If future-you opens this file in six months and quietly swears at past-you, the Refactor step was not finished.

The Accountability Line

AI: Responsible for drafts, proposals, and grunt work.
Human: Accountable for behavior, quality, and risk.


A small end-to-end example

Imagine a simple feature: “Users can reset their password via email.”

1. Red

You write BDD-style tests describing the given/when/then, security expectations, and what must not be observable to attackers.

2. Gold

You ask the AI: "Using only the tests above as the behavioral contract, implement a Gold Standard password reset flow. Requirements: Tokens must be single-use, never log tokens, API response must not reveal user existence..."

3. Refactor

You review the code like a senior dev reviewing a junior’s PR. You enforce your team’s style and boundaries.

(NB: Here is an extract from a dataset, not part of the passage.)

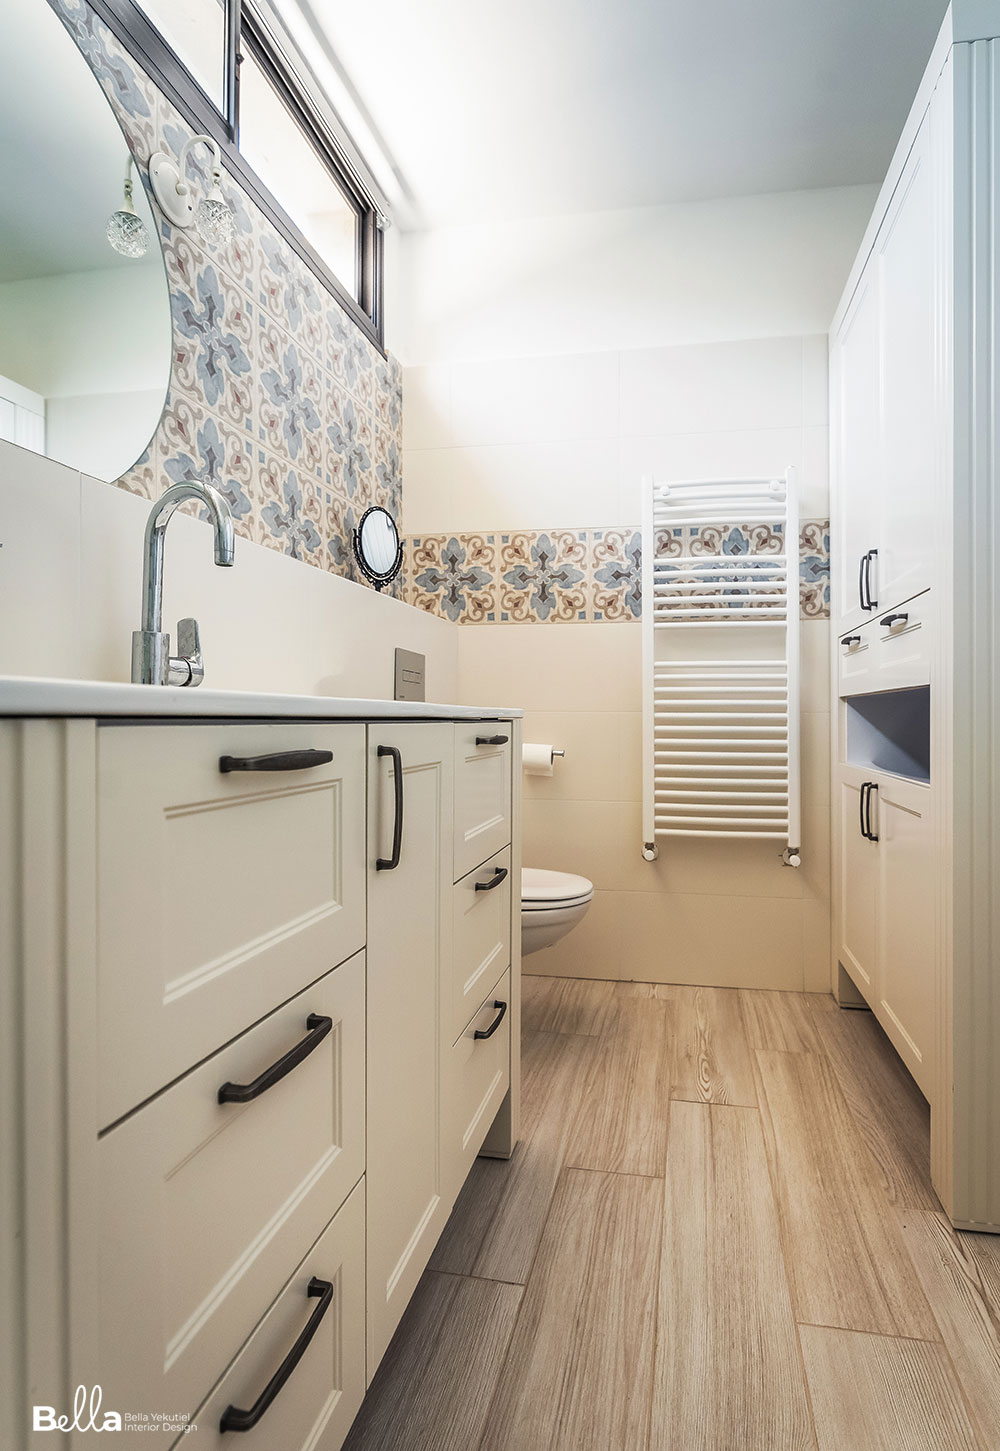 חדר שירותים עם ריצוף דמוי עץ וארון כפרי בצבע שמנת. חיפוי קירות אוריינטלי

How to start using Red → Gold → Refactor tomorrow

You don’t have to overhaul your entire process at once. Start tiny:

  1. Pick one small feature or bugfix.
  2. Write 2–4 BDD-ish tests that read like behavior descriptions.
  3. Explicitly tell the AI you want a Gold Standard implementation.
  4. Keep yourself accountable in Refactor: Would you sign your name under this?

GS-TDD is not about making AI “smarter”. It’s about putting enough structure around it that your AI assistant stops guessing, your team stops vibe-coding, and “boringly reliable” becomes the default outcome.

Next Ward, we’ll get concrete with prompt templates for Gold, patterns for AI-friendly tests, and applying this loop to frontends.

Don’t ask your AI to “just make it green”. Ask it to help you make it Gold.